> INPUT DATA:
########

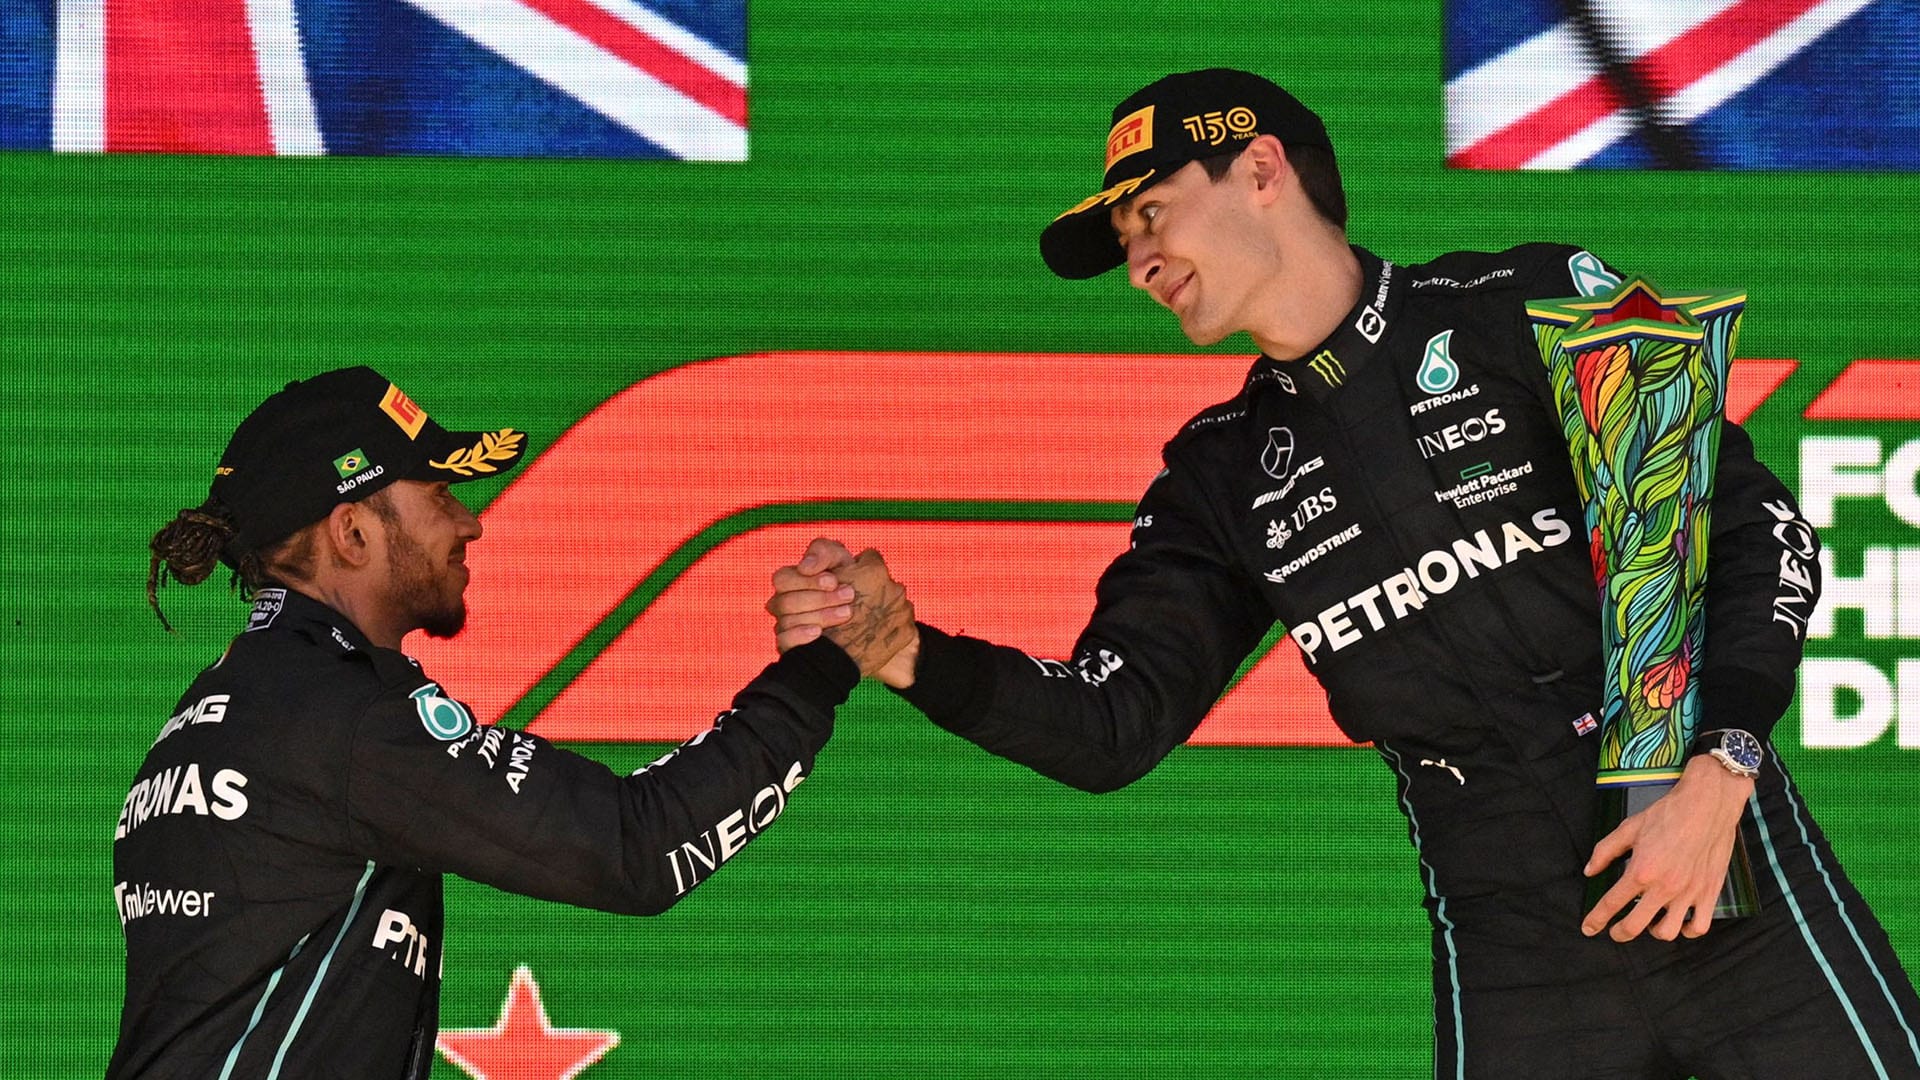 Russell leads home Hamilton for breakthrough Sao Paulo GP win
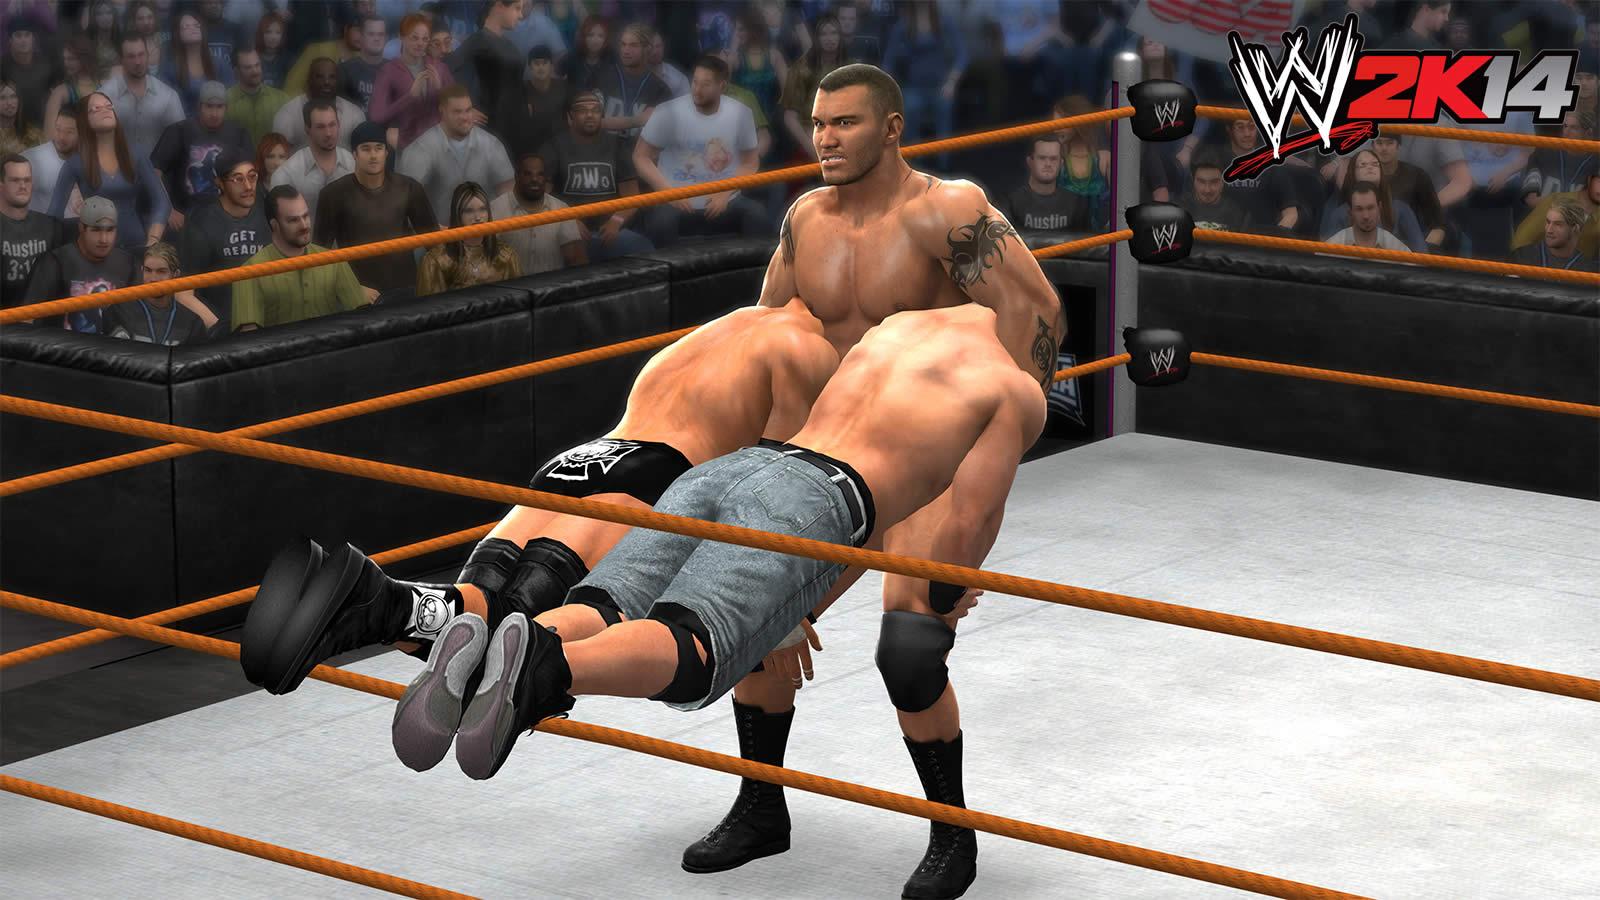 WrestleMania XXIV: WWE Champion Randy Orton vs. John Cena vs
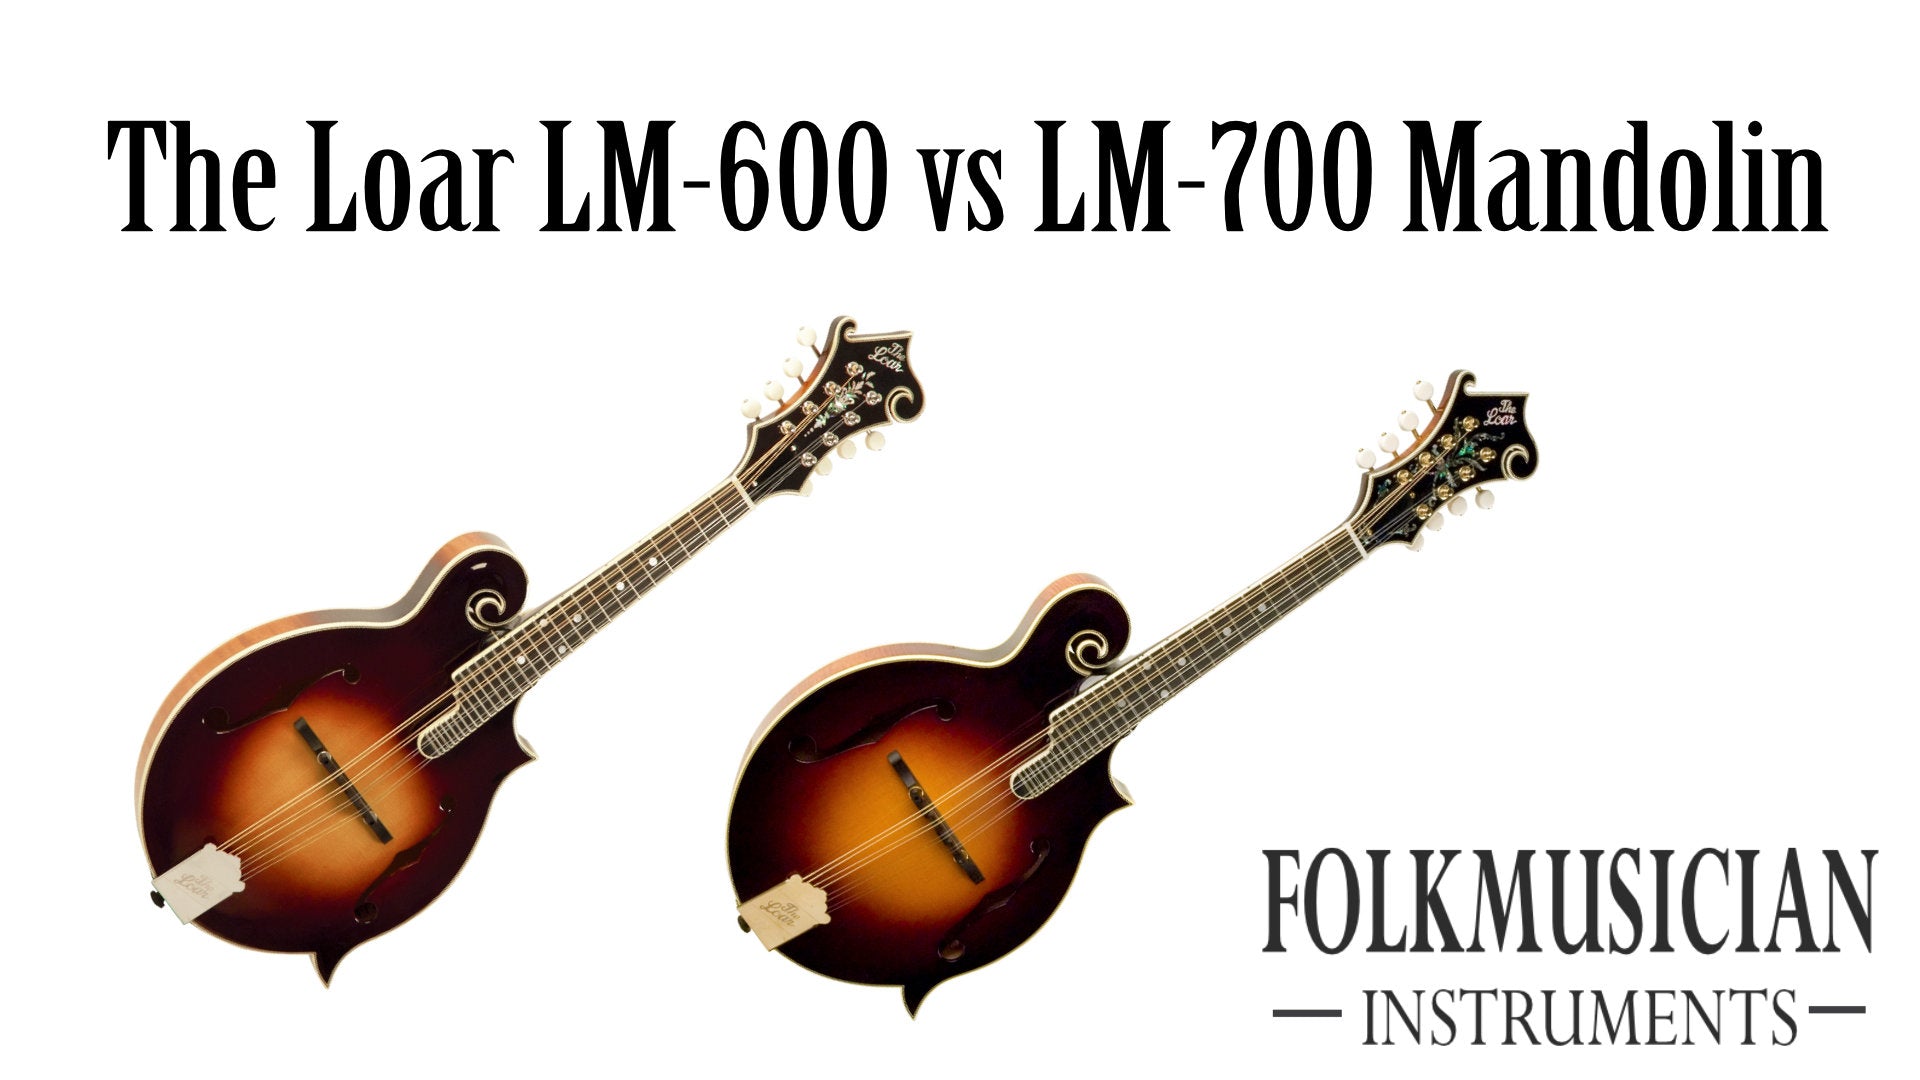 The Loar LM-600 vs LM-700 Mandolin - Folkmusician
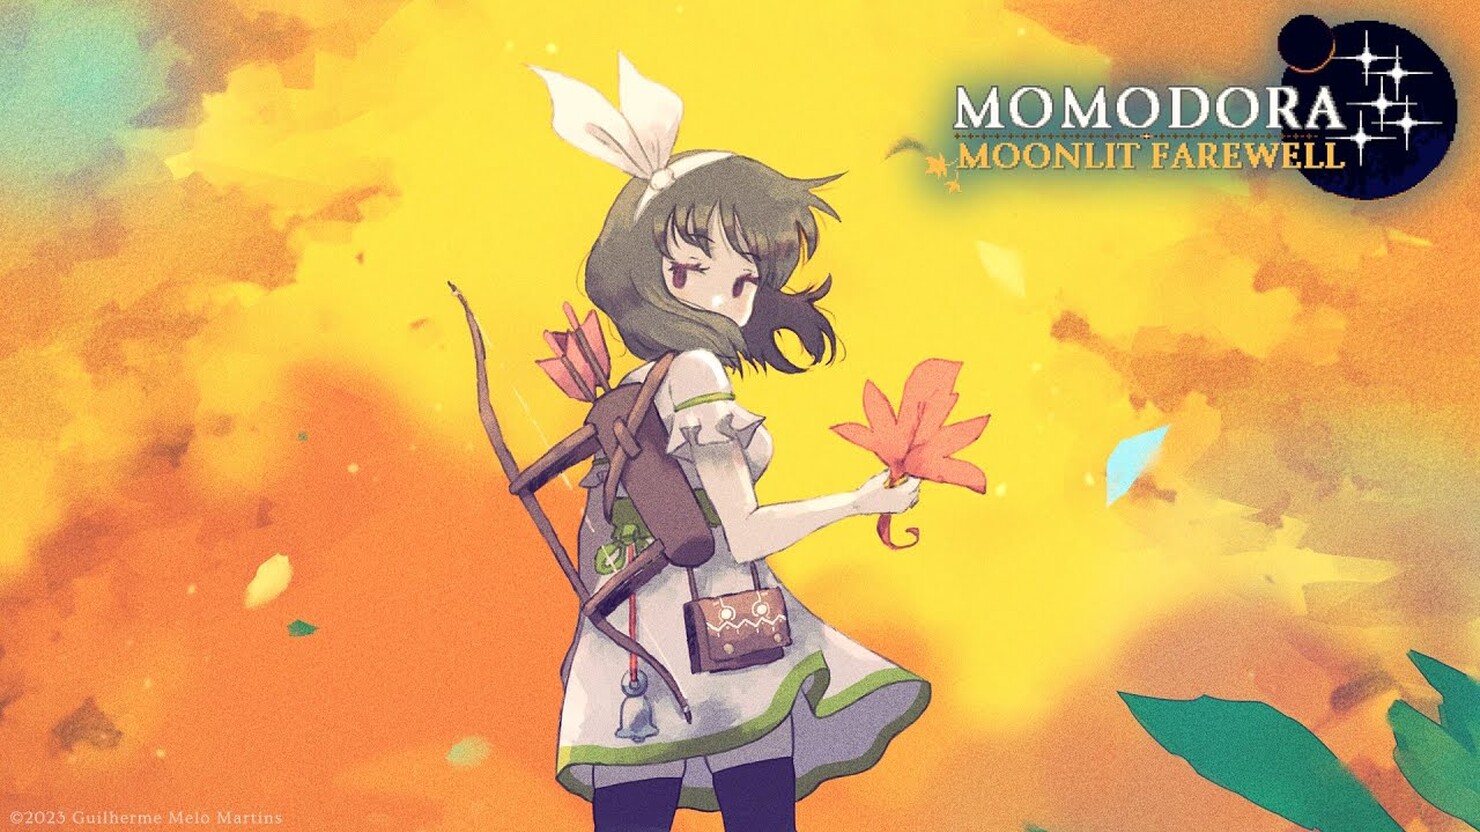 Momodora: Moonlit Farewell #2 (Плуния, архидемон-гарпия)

########

> PROBLEM:
Print out the material verbatim, skipping pictures.

> SOLUTION FOR THIS TASK:
 Russell leads home Hamilton for breakthrough Sao Paulo GP win
 WrestleMania XXIV: WWE Champion Randy Orton vs. John Cena vs
 The Loar LM-600 vs LM-700 Mandolin - Folkmusician
 Momodora: Moonlit Farewell #2 (Плуния, архидемон-гарпия)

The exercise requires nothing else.